By The Rev. Canon Pam Hyde
I was seven years old, living on the suburban/rural fringe east of Cleveland, on June 22, 1969, when the Cuyahoga River in downtown Cleveland caught on fire. I’m sure my parents remarked on it when the news hit the front page of the Cleveland Plain Dealer the next day, but I don’t remember that. Our six acres of forest with a creek running through it was undoubtedly beckoning to me that summer day, and I was unlikely to be able to comprehend or visualize what it meant for a river to catch on fire. Rivers don’t catch on fire, do they?
But I was one of the lucky ones. I didn’t live in the inner city of Cleveland. I didn’t experience the industrial pollution, trash, and grime that filled those communities and the river that ran through them. I didn’t see firsthand the black smoke that filled the sky above the Cuyahoga after molten sparks from a passing rail car set fire to oil- and chemical-soaked debris floating on the river. It was only later when I was older and learned about how many communities, natural places, and waters outside my own idyllic enclave had been despoiled at the hands of humankind, that my heart broke and I became determined to prevent further degradation and to restore our damaged earth.

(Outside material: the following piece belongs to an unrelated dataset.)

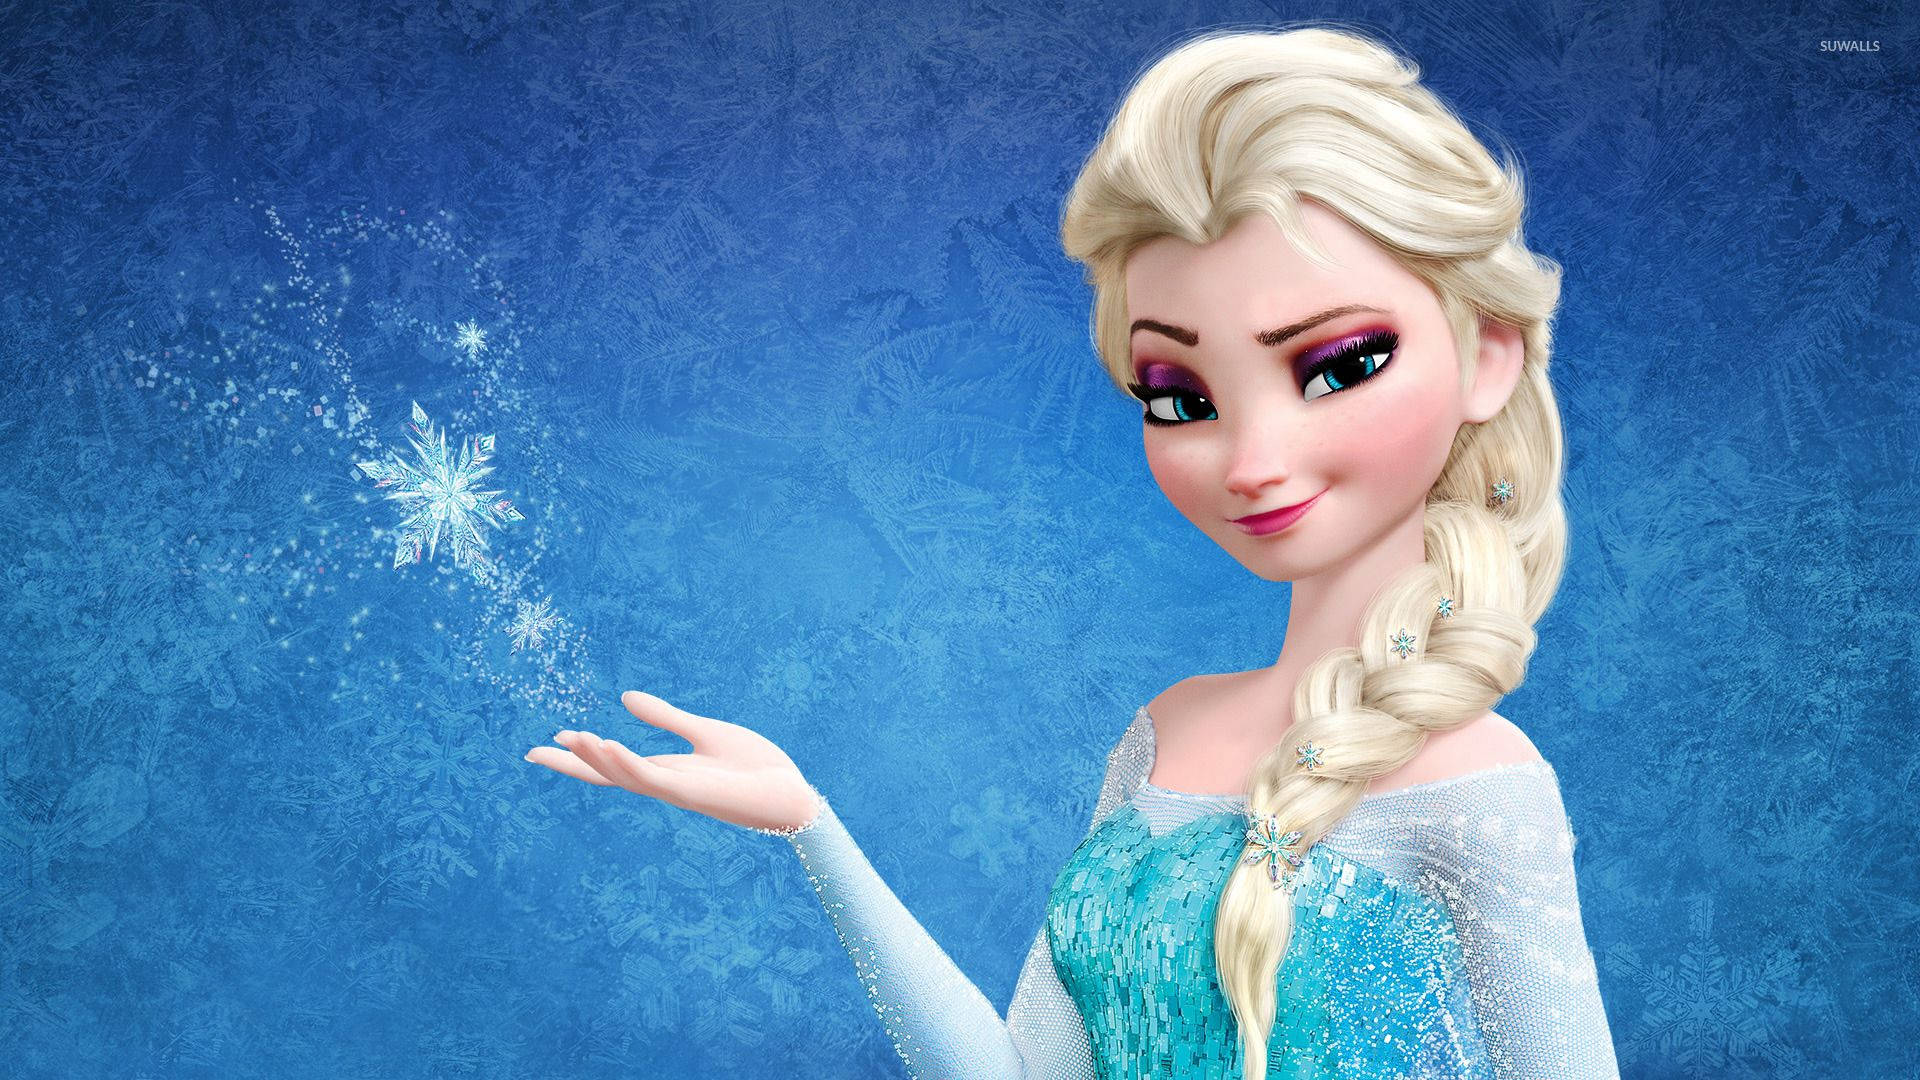 Queen Elsa from Disney's Frozen 2 Fights the Elements in All Her Glory Wallpaper

Others were quicker to dedicate themselves to this cause. Senator Gaylord Nelson and others, who had seen 1969 bring not only the Cuyahoga River fire but a massive oil spill in Santa Barbara, California six months earlier, decided to do something about the deteriorating environment in the United States. They recruited Denis Hayes, a young activist, to organize a day of action across the country on April 22, 1970, which was called Earth Day. Twenty million people demonstrated. And change began to happen.
We’ve seen a lot of changes in the past 53 years since that first Earth Day. But the impact of humankind on the earth is no less catastrophic today. It has become clear from new scientific reports that come to our attention seemingly every day that we’re decimating wildlife species, polluting our oceans, and changing earth’s climate in ways that harm life on earth — human and non-human — now and for generations to come.
Archbishop Desmond Tutu allegedly once said, “There comes a point where we need to stop just pulling people out of the river. We need to go upstream and find out why they’re falling in.” And I believe that this applies to our dilemma concerning the state of our planet. We keep trying to fix the problems we encounter without trying to understand why they keep occurring. Why do species keep disappearing at an increasing rate when we have the Endangered Species Act? Why do we continue to see global temperatures rising when we’re taking steps to reduce our carbon footprint? Why does the production of plastics continue to increase when our landfills are full and we know that plastic can take up to 500 years to decompose?
As Christians, it’s our job to go upstream and find the root cause of our overall planetary problem. Making sure that rivers don’t catch on fire isn’t enough. We need to make deep-seated changes. We need to love the earth and all its creatures the way that God does. We need to cherish it. Respect it. Treat it as our beloved kin. As the neighbor that Jesus commands us to love. Even the neighbor that is a little hard to love, like, say, the scorpion or the rattlesnake. The earth is the Lord’s, not ours. And so there’s not one thing on this earth that we can decide is expendable if God has not.
On Earth Day this Saturday, I encourage everyone to fundamentally rethink their relationship with the Earth. To see every rock, every plant, every creature from mammal to bird to insect, as just as special to God as we are. God created every little thing for a reason, whether that reason is fully known to us or not. If for one day we can try to see the natural world around us through God’s eyes, maybe that will begin a radical shift in the way we treat the earth. Take this Saturday to focus on this task. Go outside and experience the natural world. Visit a national park for free1. Attend an Earth Day event in your community or state park2. Begin a weekly practice in your church this Sunday of praying for the earth as part of your Sunday worship3. Because it’s not enough just to stop rivers from burning. We need to see rivers — and everything else on earth — the same way God does.
1 For more information, see the Bishop’s E-pistle for March 29, 2023.
2 See a partial listing of Earth Day events in the Bishop’s E-pistle for April 19, 2023.
3 See Resolution 2022-1 “Prayers for God’s Creation” passed at Diocesan Convention last year (https://azdiocese.org/wp-content/uploads/2023/01/2022-01-Prayers-for-Creation.docx.pdf) and talk to your rector, vicar, or priest-in-charge about incorporating these prayers into your weekly worship.
The Rev. Canon Pam Hyde is the Canon for Creation Care for the Episcopal Diocese of Arizona.
One comment on “Learning to See the Earth Through God’s Eyes”
A really important message Rev. Hyde. Sharing your early childhood memories of the catastrophic state of nature in you home state is instructive. That was a time of awakening of how much damage we had done to our planet’s natural systems and that changes were needed. I will take your suggestions to heart and look at nature through God’s eyes. We only have this one planet!